# iPad skins



## chilady1 (Jun 9, 2009)

I know for many that own Kindles, skins are almost a necessity to express one's personality, etc.  I don't see a lot of people skinning iPads, is there a reason for this?  I am thinking of putting a skin on my iPad2, just wanted to see whether folks had skinned their iPads or had an intention of skinning?  Just curious.


----------



## Neo (Mar 30, 2009)

You know, it's funny, I was just thinking the exact same thing the other day: I would not envision not skinning my Kindle, but it's the only device I do skin!

I don't have a skin on my iPhone, and neither do I on my iPad. I originally thought I might skin my iPad, but have decided against it in the end. I wish I could have some of the Decalgirl skins as background/screensaver though, but DG doesn't offer that possibility - Gelaskin has a great app for that, by the way!
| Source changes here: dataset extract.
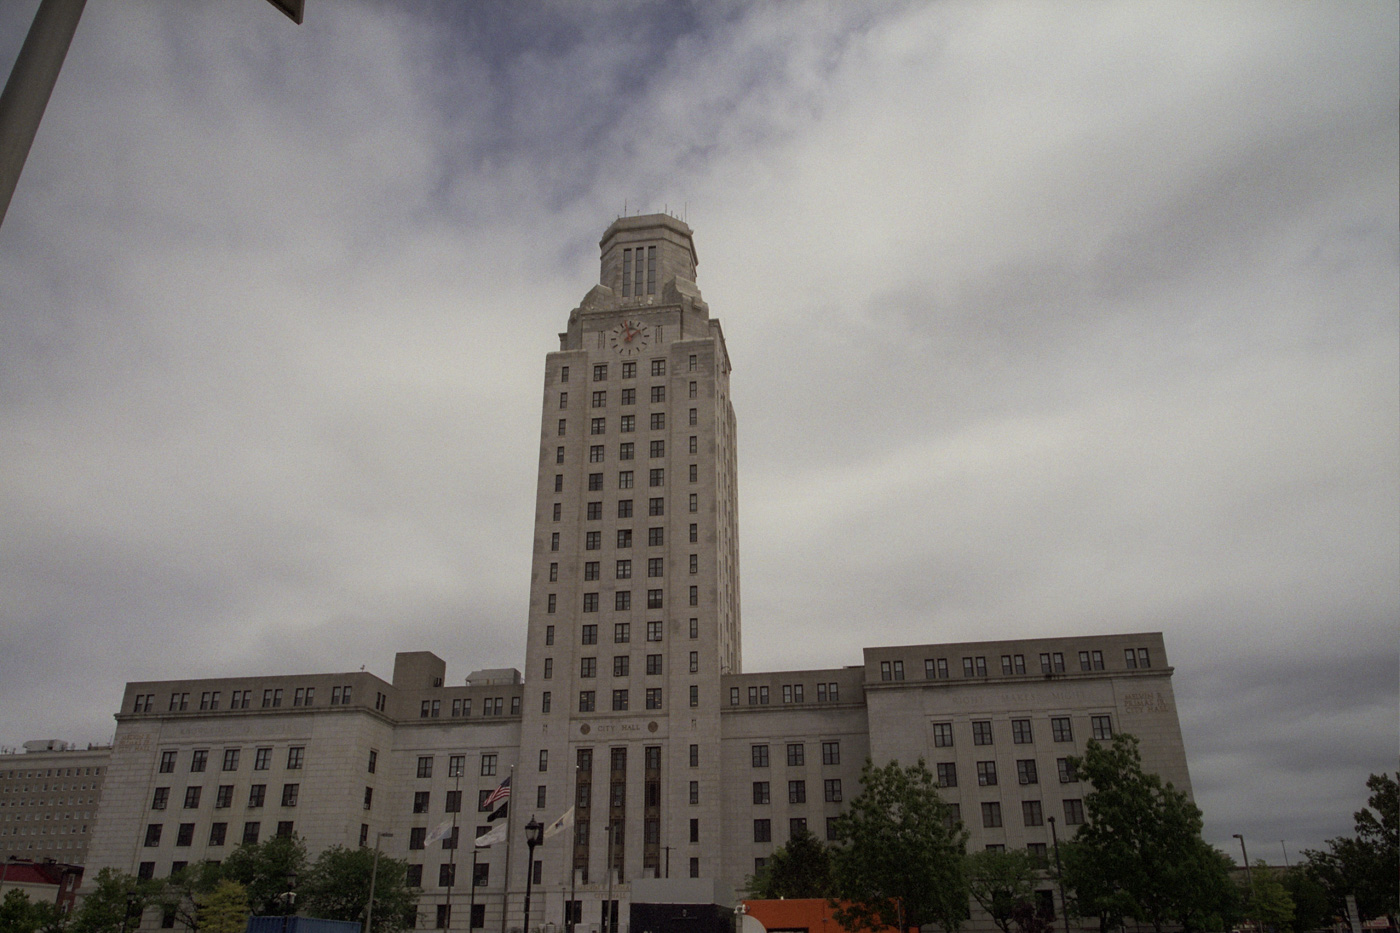 Camden City Hall

What it comes down to though, I think, is that I feel that there simply is not enough space on the front of the iPad to make it worth it, in a way. I realized that when I saw the new touchscreen of the Nook, and my first thought was: too bad there isn't anymore space left to skin it  

The other reason I will not skin my iPad - besides the lack of space for said skin, is that the iPad doesn't really have a frame around the screen, like the Kindle. Of course it does, but because it's level with the screen, it kind of disappears visually, which I find esthetically very nice. If I added a skin, it would highlight the separation between the screen and the frame. 

So after having given this a lot of thought, I guess I will continue happily skinning my Kindle, and leave my other devices "nacked"


----------



## chilady1 (Jun 9, 2009)

Neo said:


> I wish I could have some of the Decalgirl skins as background/screensaver though, but DG doesn't offer that possibility - Gelaskin has a great app for that, by the way!


Are you sure about this because I just came from Decalgirl and it looked like for just about every one of their iPad skins - there was an associated screensaver. As a matter of fact, I am trying to decide on one because I like a lot of the skins, but when you combine the wallpaper, it gets a little busy. So although that is good for the Kindle, the additional real estate of the iPad screen makes me not want to go with something to busy. Just a thought. Besides, I will be using this for work, so I have to be somewhat careful about how much of my personality gets expressed with a skin - lol!


----------



## Neo (Mar 30, 2009)

LOL, I can imagine! Unfortunately, while it is true that DG has a corresponding SS for every skin, you need to buy the skin for them to provide you with a specific code you "redeem" on the website to download the SS. So you can't just access the SS like you can for the Gelaskins .

Which one are you looking at? I would totally go for the Dark Fairy one (which of course they don't have yet for iPad 2, but one could ask for ) - and yes, that's how much I've thought about it


----------